Could you please post a SysRq-t system backtrace of the server when this hang occurs
Created attachment 119244 [details] sysrq-t output Processes, name starting with CL, are clustering software. xlan is something like the bonding driver. I am not sure whether they are involved in the nfs hang, though they worked nicely with RedHatEL3U4. It looks like some processes are sleeping in __alloc_pages? I wonder how they are called from schedule().
How much memory is on this server?
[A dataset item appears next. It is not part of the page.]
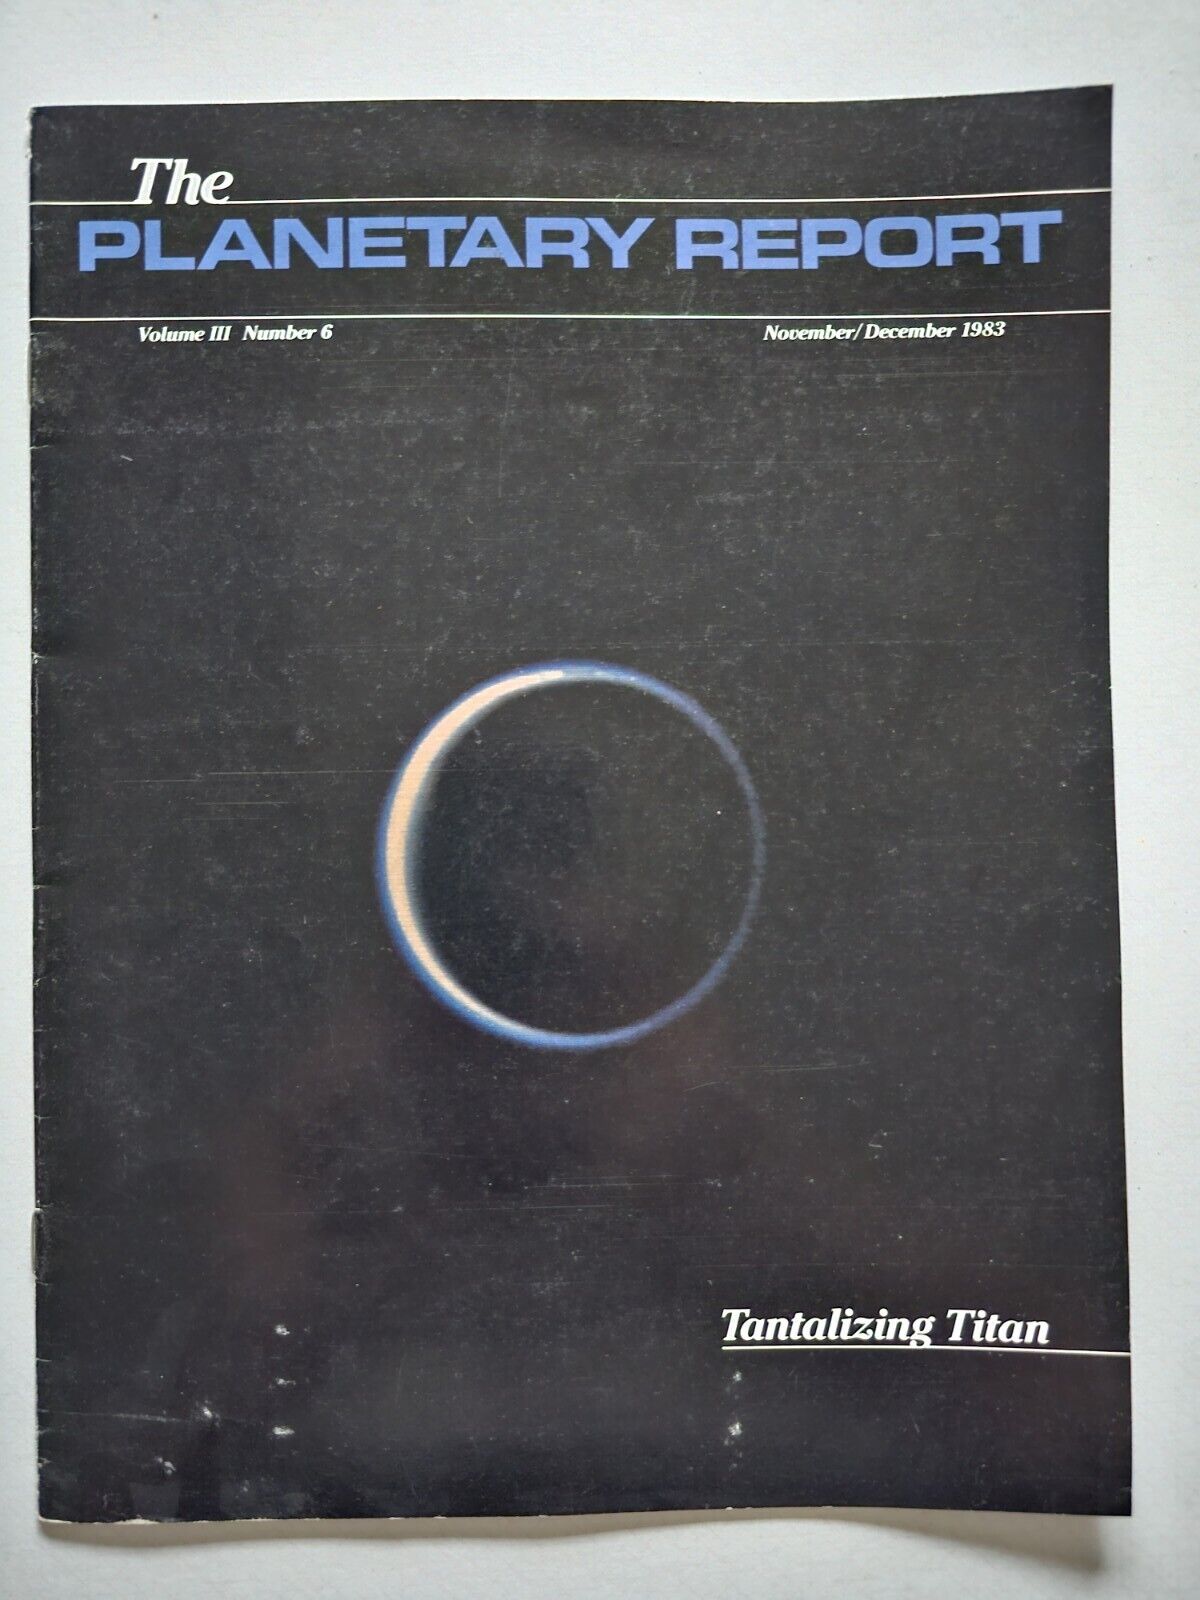 THE PLANETARY REPORT MAGAZINE NOVEMBER/DECEMBER 1983 Vol 3 No. 6

By increasing the max block size to 32k and increasing the number of nfsd, you can easily run the machine out of memory since each nfsd will allocate 32K for a place for incoming messages... Please post the output of a SysRq-M, which will show the state of memory.
It has 2gigbytes. total used free shared buffers cached Mem: 2055444 486108 1569336 0 146644 94768 -/+ buffers/cache: 244696 1810748 Swap: 2040244 0 2040244 ------ Mem-info: Zone:DMA freepages: 2892 min: 0 low: 0 high: 0 Zone:Normal freepages: 1922 min: 1278 low: 4543 high: 6303 Zone:HighMem freepages: 1236 min: 255 low: 4606 high: 6909 Free pages: 6050 ( 1236 HighMem) ( Active: 23097/354529, inactive_laundry: 97873, inactive_clean: 8512, free: 6050 ) aa:0 ac:0 id:0 il:0 ic:0 fr:2892 aa:0 ac:14036 id:136504 il:36767 ic:4190 fr:1922 aa:3742 ac:5319 id:218025 il:61106 ic:4322 fr:1236 2*4kB 3*8kB 5*16kB 4*32kB 3*64kB 1*128kB 1*256kB 1*512kB 0*1024kB 1*2048kB 2*4096kB = 11568kB) 46*4kB 84*8kB 75*16kB 14*32kB 3*64kB 3*128kB 0*256kB 1*512kB 0*1024kB 0*2048kB 1*4096kB = 7688kB) 32*4kB 26*8kB 16*16kB 24*32kB 26*64kB 7*128kB 2*256kB 1*512kB 0*1024kB 0*2048kB 0*4096kB = 4944kB) Swap cache: add 0, delete 0, find 0/0, race 0+0 20448 pages of slabcache 482 pages of kernel stacks 0 lowmem pagetables, 428 highmem pagetables 32 bounce buffer pages, 32 are on the emergency list Free swap: 2040244kB 524272 pages of RAM 294896 pages of HIGHMEM 10411 reserved pages 384100 pages shared 0 pages swap cached
I think the problem happened because of the switching hub. With a new hub, NFS works nicely. Thank you, Steve. I appreciate your help. I will use TCP rather than UDP with 32KB buffer, anyway.
Hello, Yoshihiro. Should this bug report be closed as NOTABUG?
Hi, Ernie. I am going to post the status change with this message.